That's an inexcusable loss of speed.

It's a lot more complicated than that. The digitalWrite code does a lot of things that the raw C code we're looking at here does not do:

  • Pin number is a variable rather than a constant
  • New pin value is a variable rather than a constant
  • Convert "arduino pin number" to AVR port address and bit
  • If the port is capable of hardware PWM, make sure PWM is off

I mean, it may SOUND awful that a digitalWrite loop is 20x slower than the "fastest possible" loop, but that "fastest" possible pin change operation is a single instruction, which means that digitalWrite is only using on the order of 20 instructions (including function call overhead), and there is not a lot of room for improvement while maintaining the same functionality (there is room for some, but then you hit the fact that people wanting ultimate speed still won't be happy, and blinding speed is not particularly one of the goals of the arduino environment anyway.) (I think digitalWrite got slower in Arduino15, too...)

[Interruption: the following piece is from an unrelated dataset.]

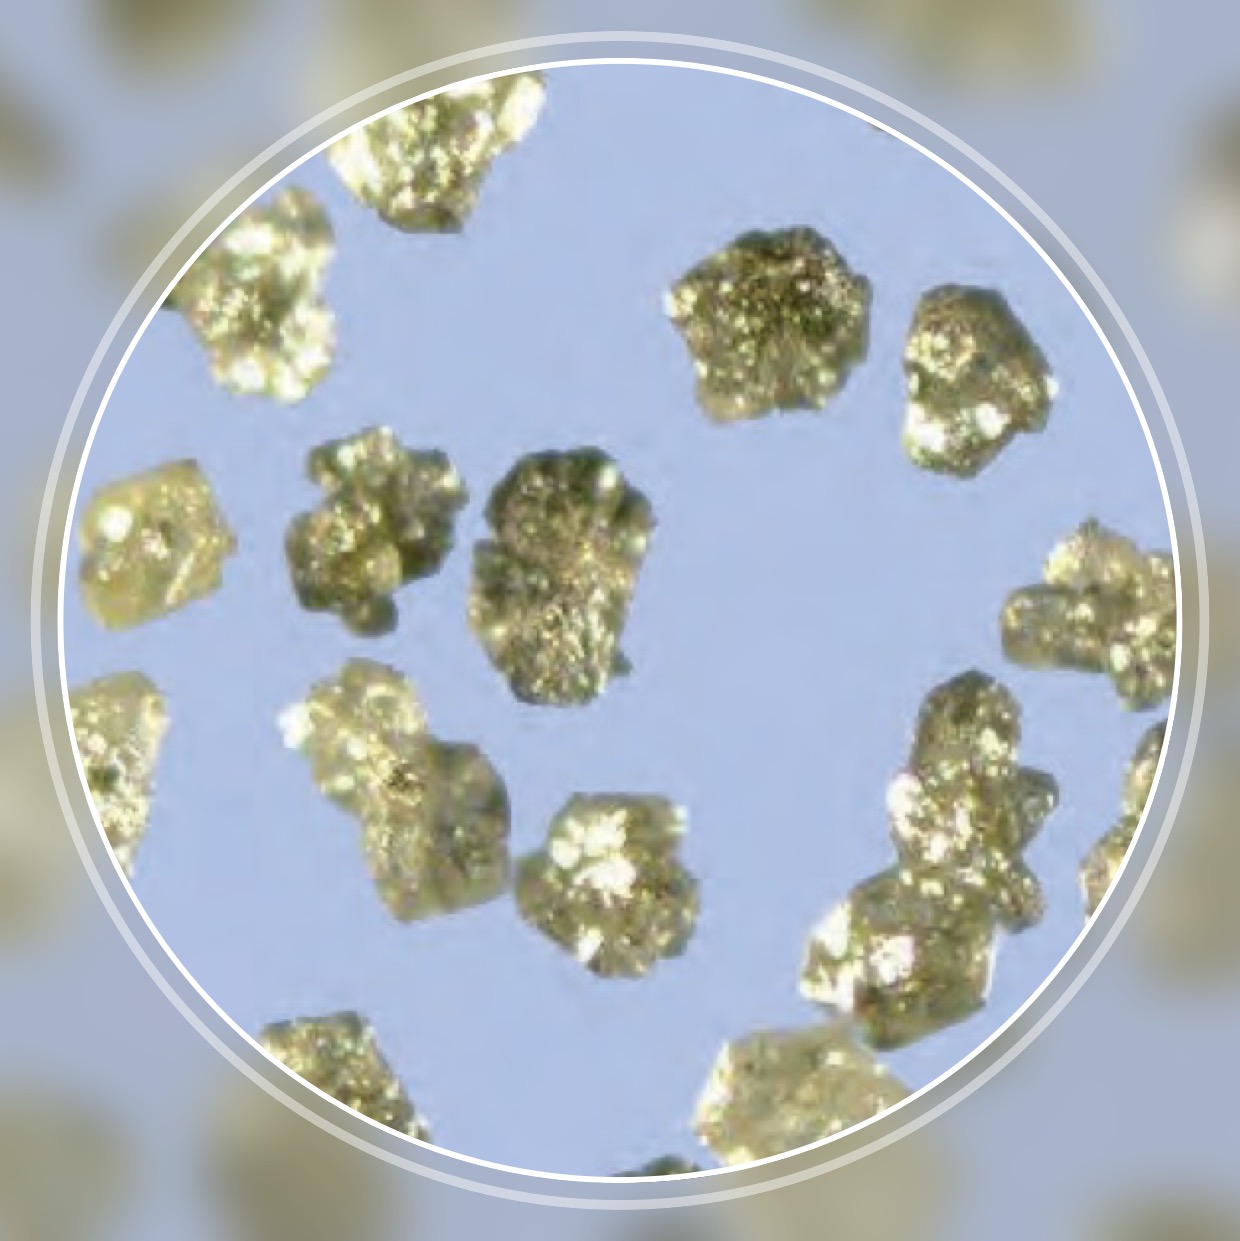 SND-R10 Economy Grade Semi-Blocky Resin Bond Diamond With a High Friability Featured Image

@selfonlypath: read the whole thread. The cbi/sbi instructions are two cycles according to the datasheet. The extra instruction you removed to make things faster was added to make the output a square wave rather than asymetric.

Your for loop produces:

void loop()                     // run over and over again
{
  int i;
#define N 10000
  for(i=0;i<N;i++){
 11c:   80 e0           ldi     r24, 0x00       ; 0  (initialization)
 11e:   90 e0           ldi     r25, 0x00       ; 0
    PORTD |= B1000;
 120:   5b 9a           sbi     0x0b, 3 ; 2 cycles
    PORTD &= B11110111;
 122:   5b 98           cbi     0x0b, 3 ; 2 cycles
 for(i=0;i<N;i++){
 124:   01 96           adiw    r24, 0x01       ; 2 cycles
 126:   27 e2           ldi     r18, 0x27       ;  1 cycle
 128:   80 31           cpi     r24, 0x10       ; 1 cycle
 12a:   92 07           cpc     r25, r18         ;1 cycle
 12c:   c9 f7           brne    .-14            ; 0x120 <loop+0x8> (2 cycles if taken)
  }

or 11 cycles for the whole loop by "analysis." How are you measuring 8 cycles?
Note that your code has the pin set to 1 for 1 or two cycles and set to zero for 9 or 10 cycles; I hope you didn't expect a square wave...

@selfonlypath:
The following code

    for(uint8_t i=0;i<250; i++){
        PORTD |= 0b00001000;
        PORTD &= 0b11110111;
    }

compiles (WinAVR-20090313, -Os) to the following instructions:


** **sbi      0x0b, 3** **

      ; 11

** **cbi      0x0b, 3** **

      ; 11
    subi      r24, 0xFF      ; 255
    cpi      r24, 0xFA      ; 250
    brne      .-10

sbi and cbi are 2 cycle instructions, according to my Mega88 datasheet.
This should therefore give a loop of 2 ticks ON, 6 ticks OFF, so 2Mhz output at 25% duty cycle.
I'd test this output, but the only test equipment I own is an ohmmeter, an LED and a damp finger (none of which help here).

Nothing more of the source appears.